==== SUPPLIED INFORMATION

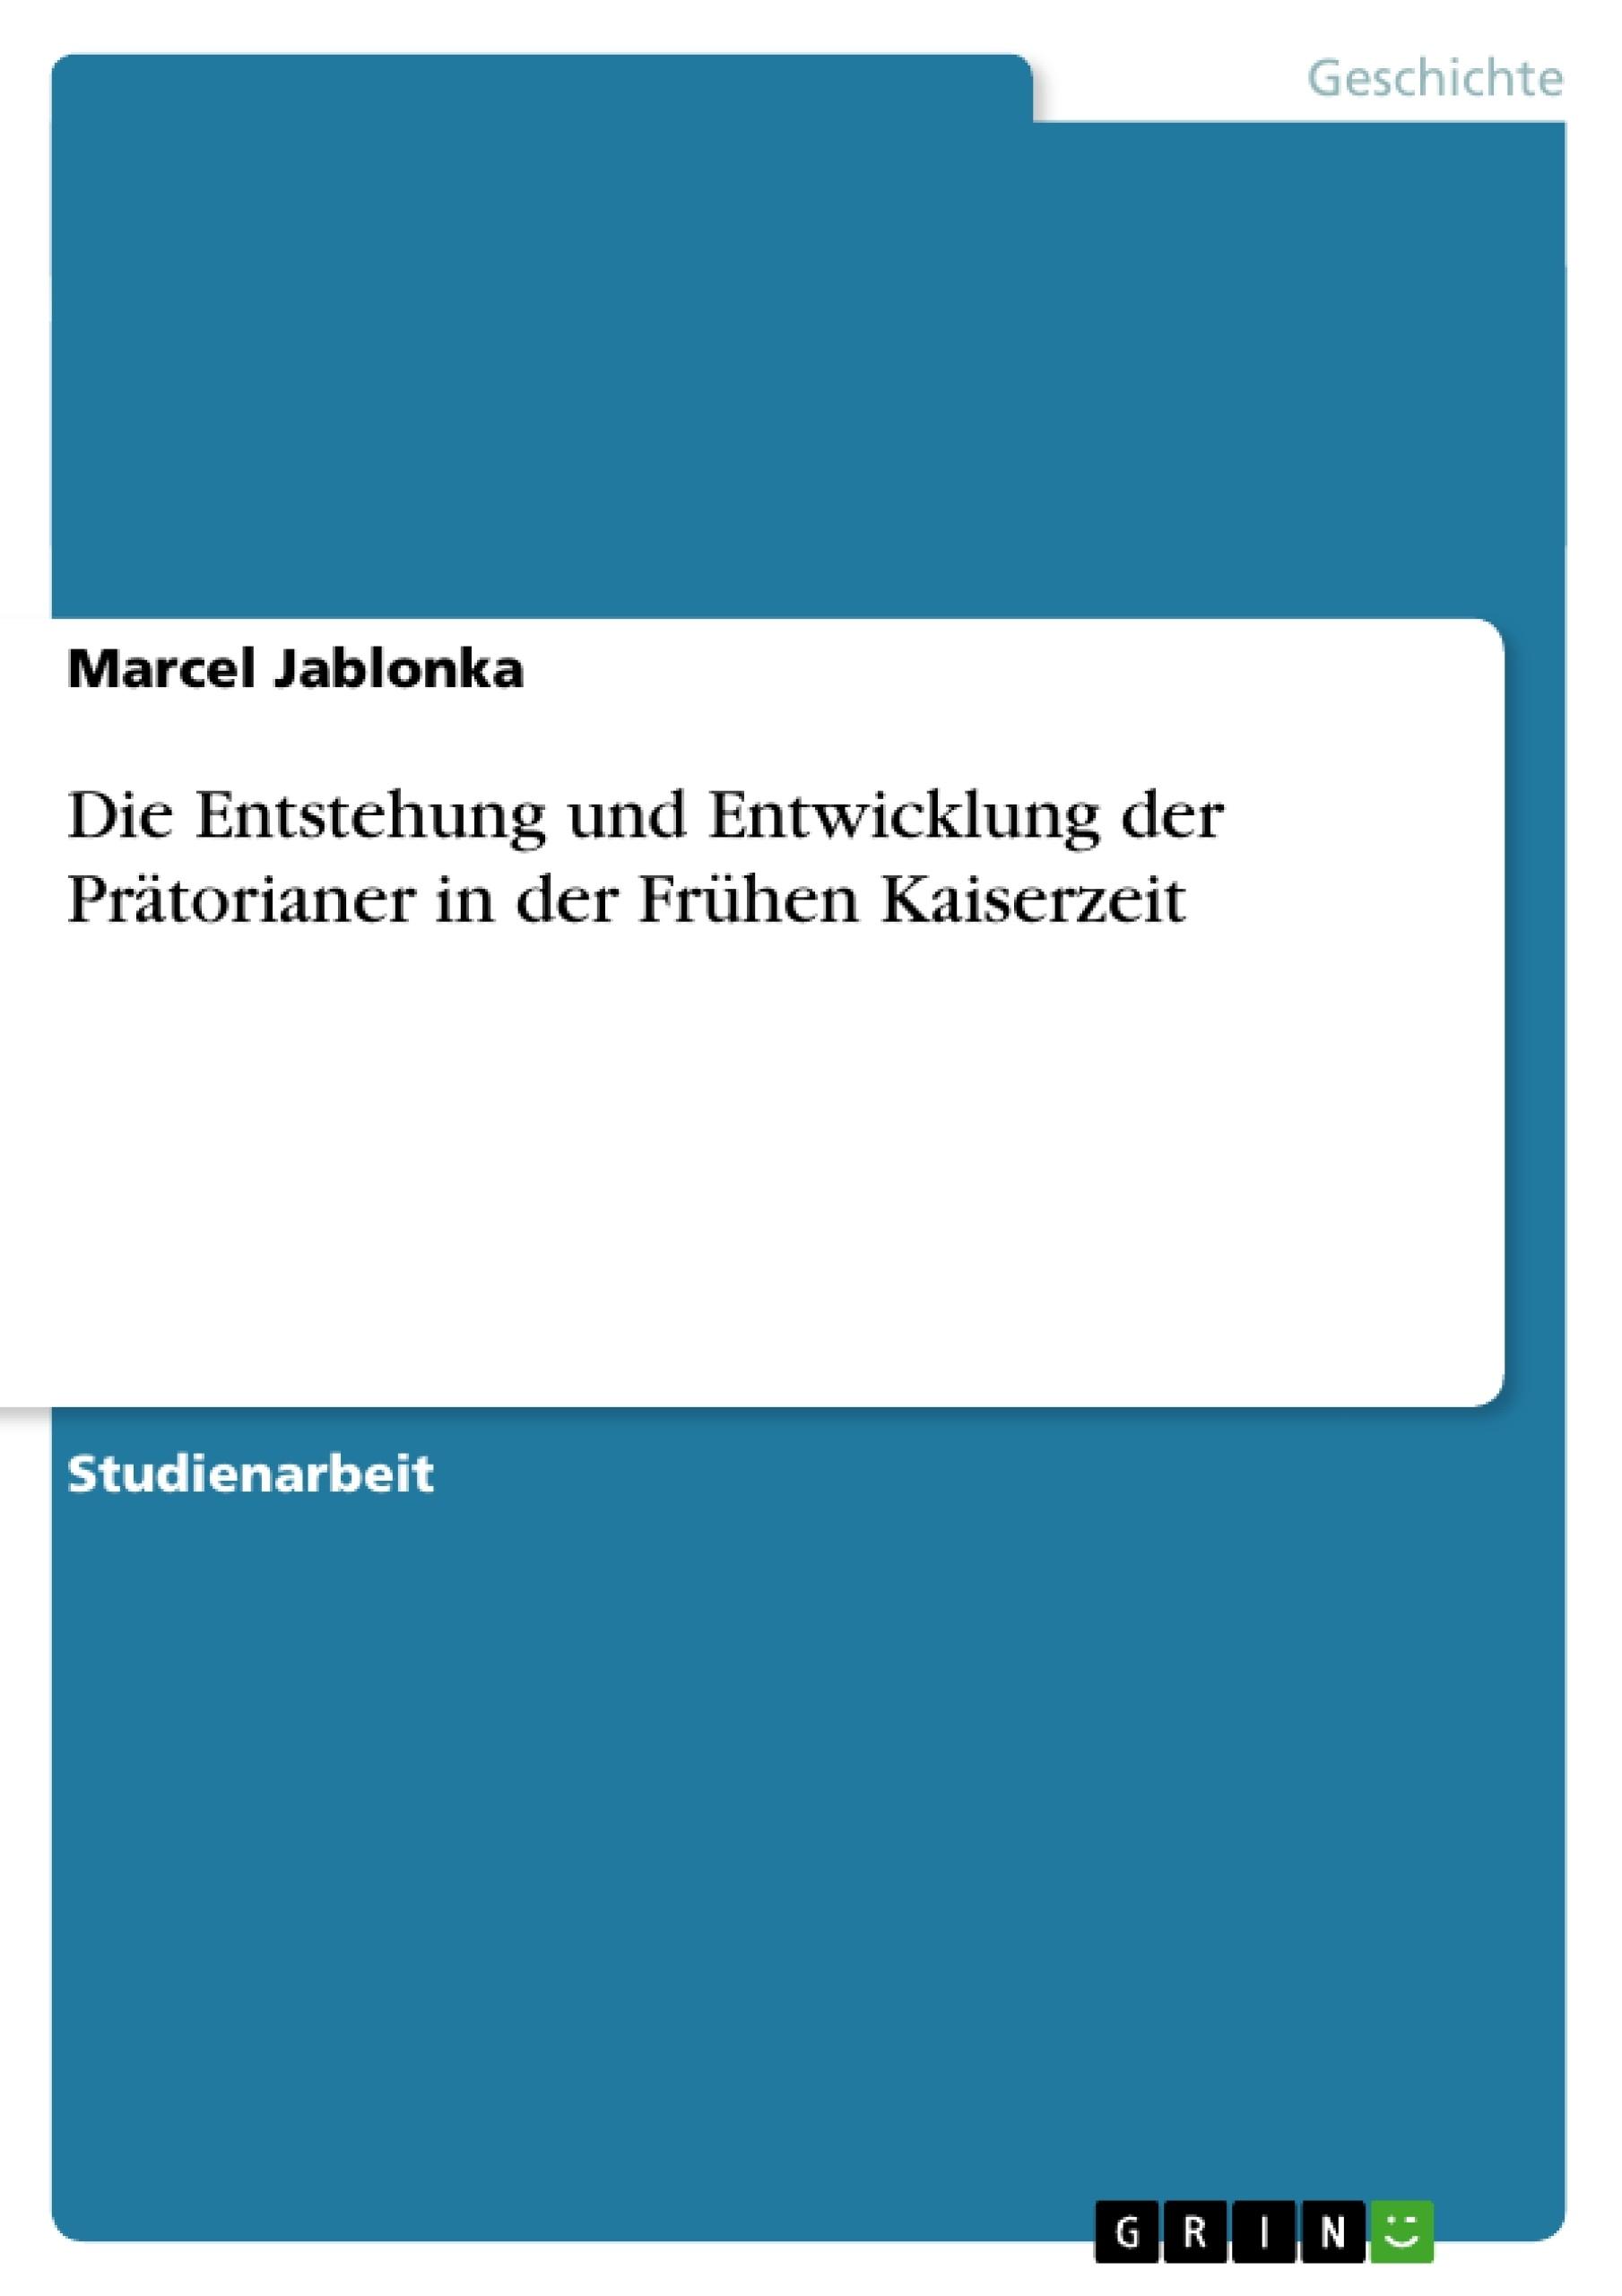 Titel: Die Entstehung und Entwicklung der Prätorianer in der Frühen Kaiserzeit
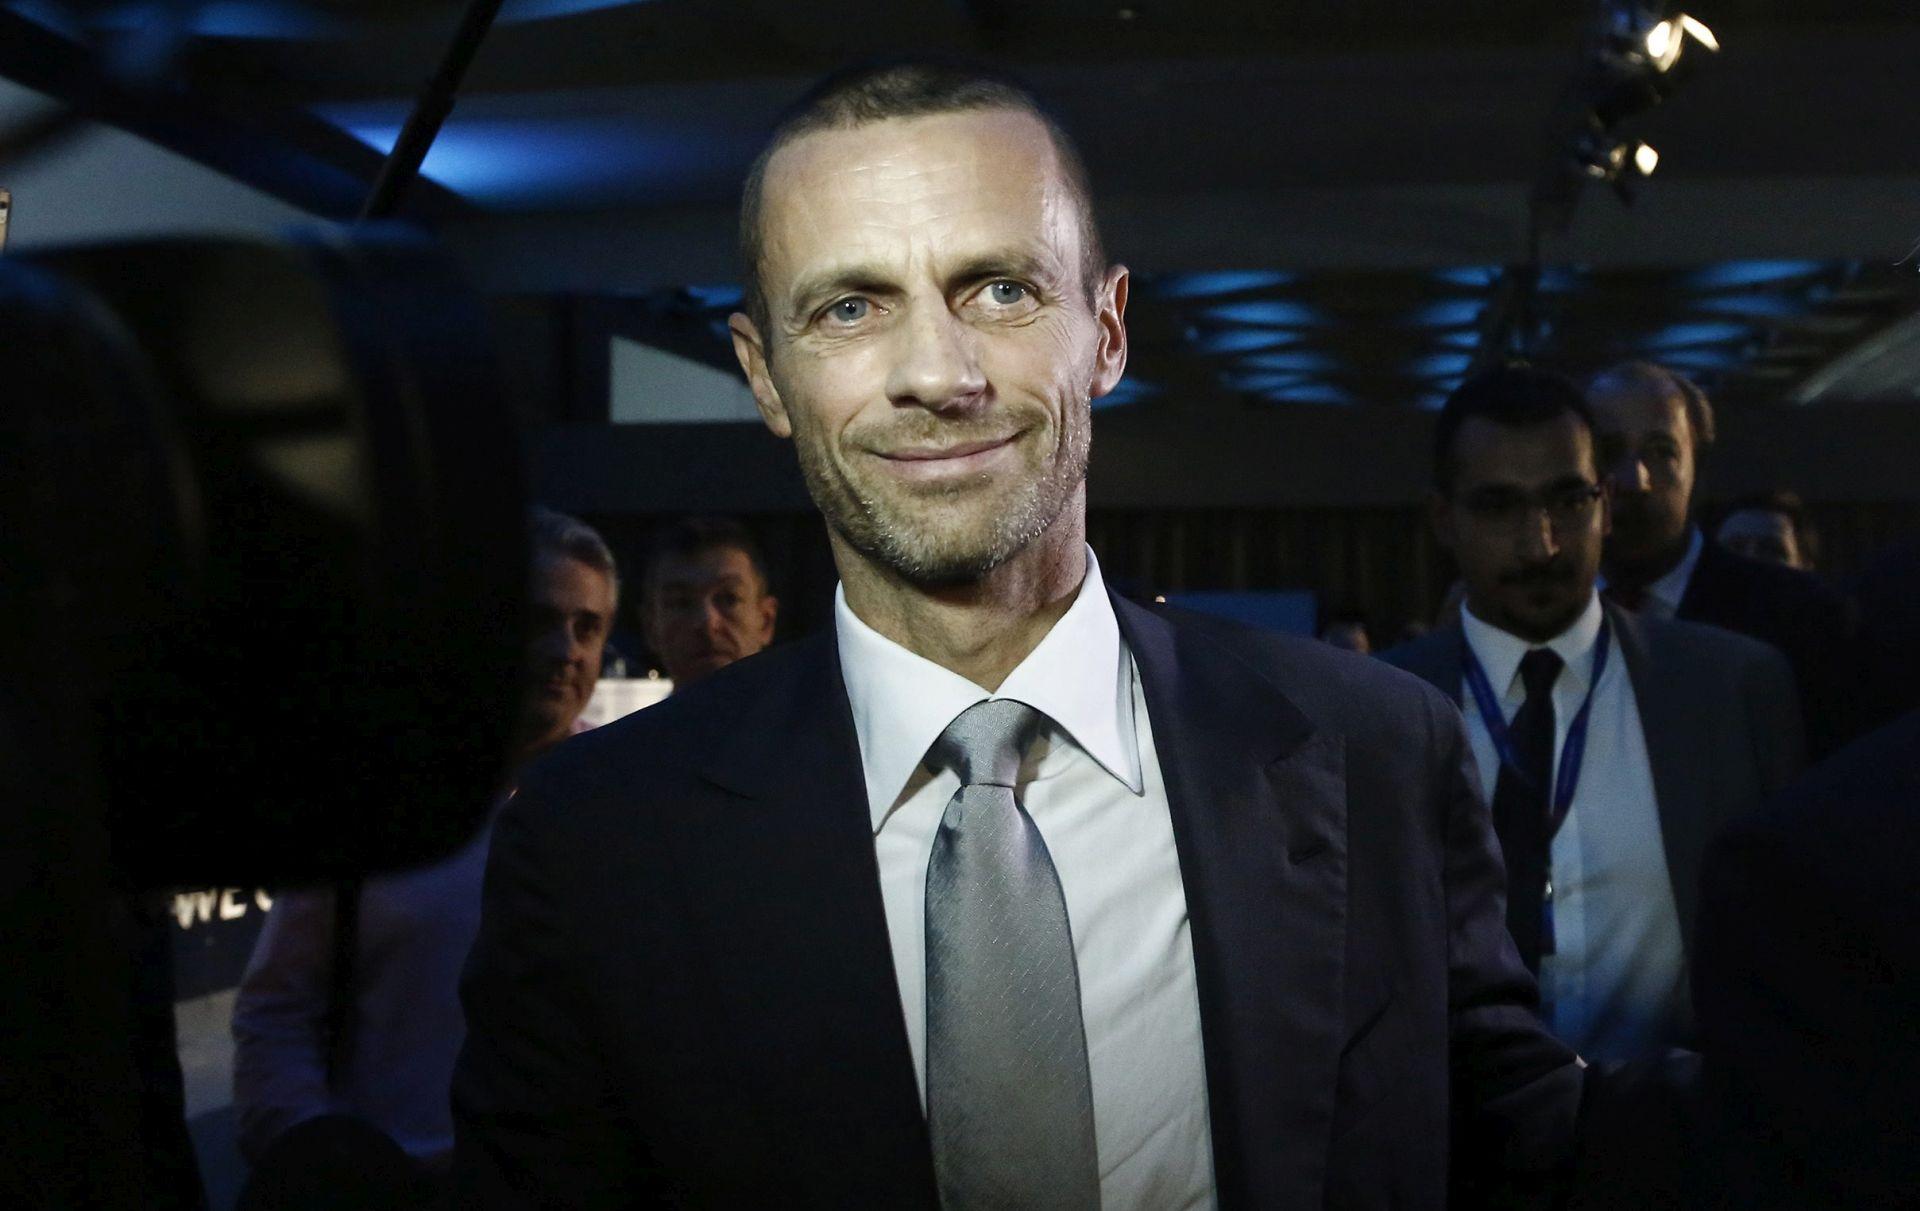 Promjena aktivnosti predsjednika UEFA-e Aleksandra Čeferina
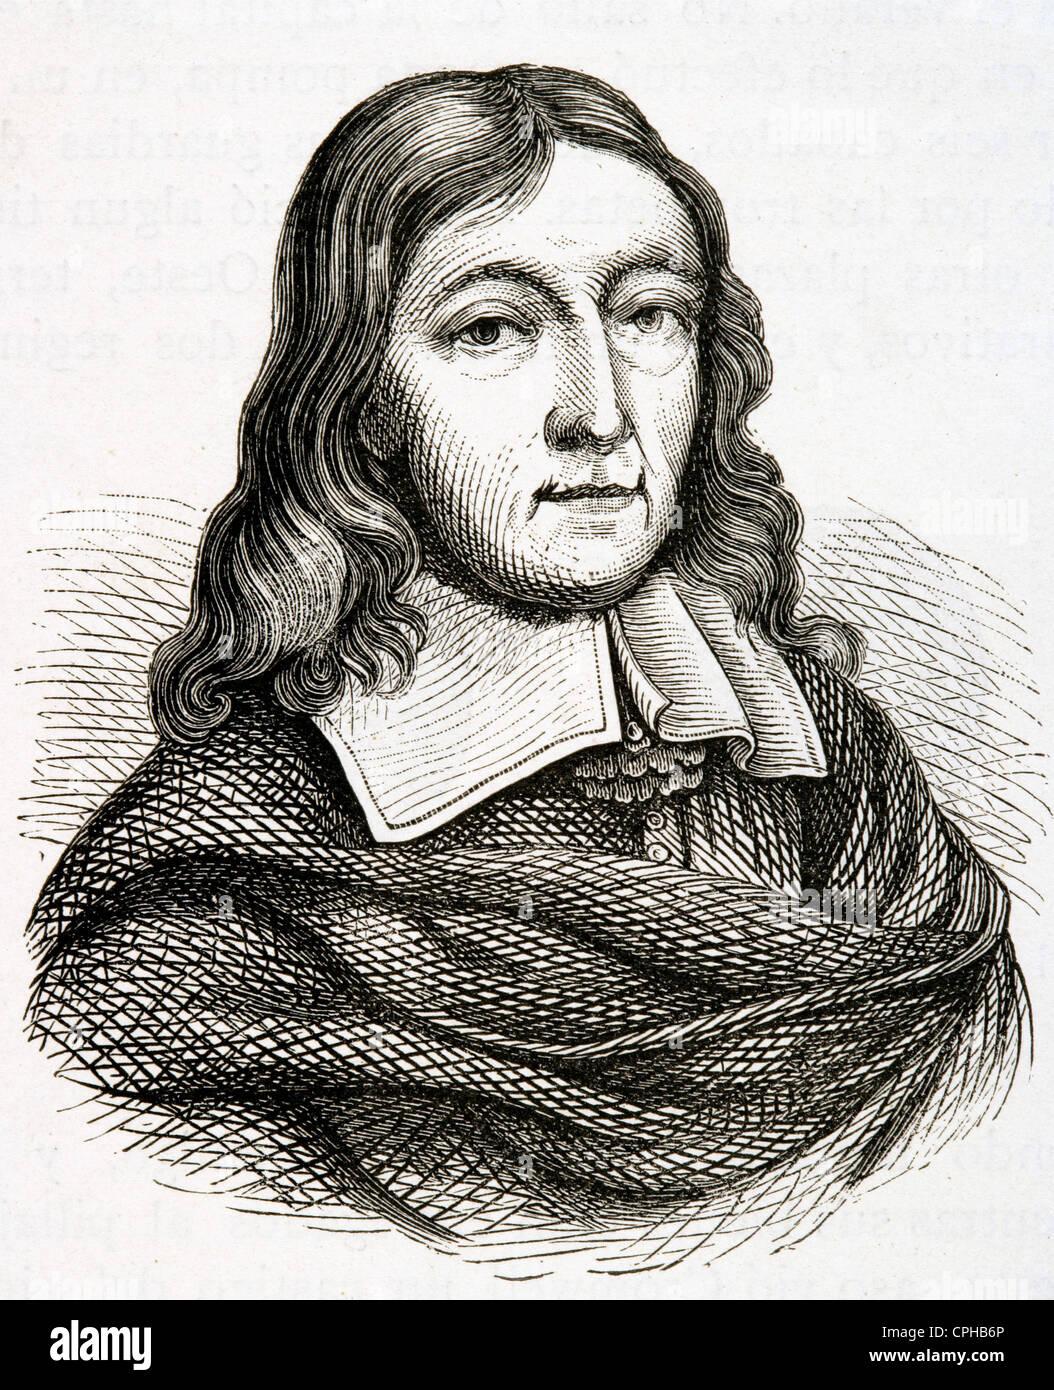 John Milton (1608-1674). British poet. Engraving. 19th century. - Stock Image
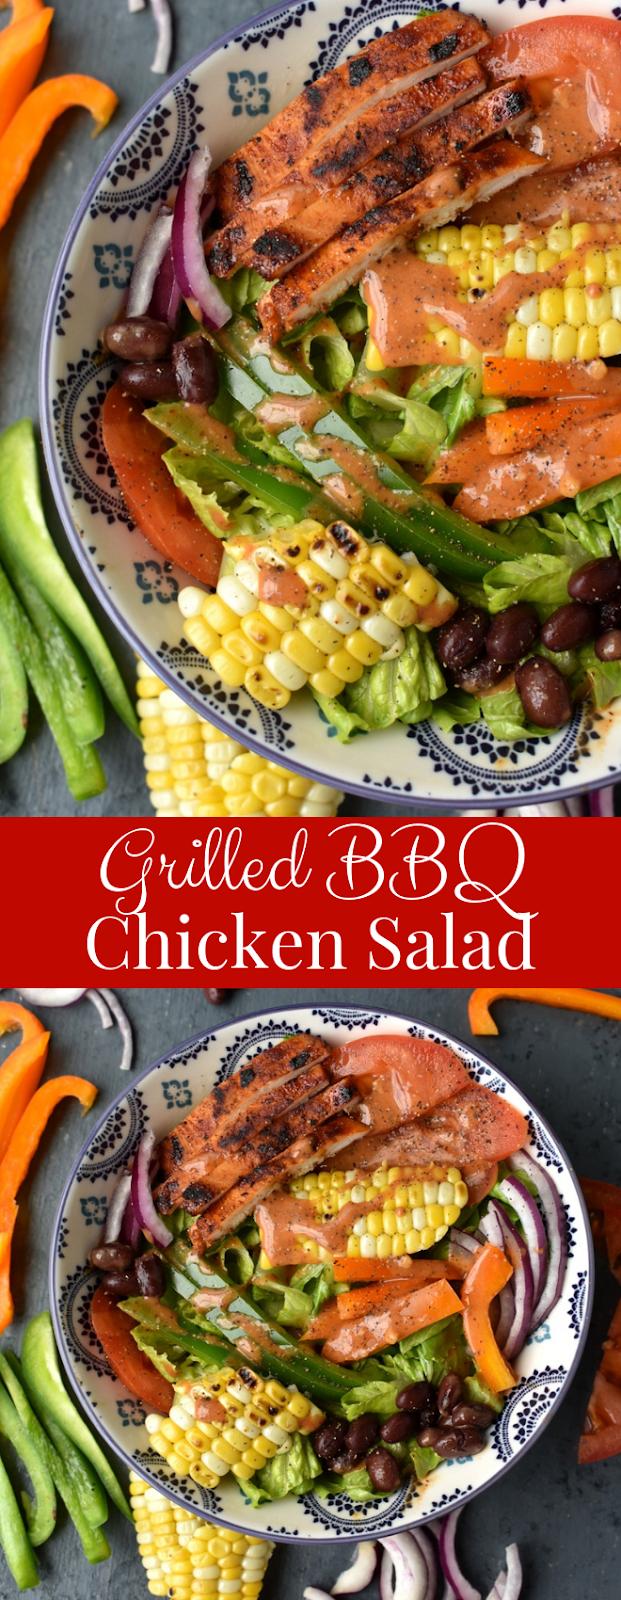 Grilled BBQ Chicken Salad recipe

========

TASK ITEM >> Print the entire listing above verbatim. No picture should be included.

RESPONSE TO THE TASK >>
 Titel: Die Entstehung und Entwicklung der Prätorianer in der Frühen Kaiserzeit
 Promjena aktivnosti predsjednika UEFA-e Aleksandra Čeferina
 John Milton (1608-1674). British poet. Engraving. 19th century. - Stock Image
 Grilled BBQ Chicken Salad recipe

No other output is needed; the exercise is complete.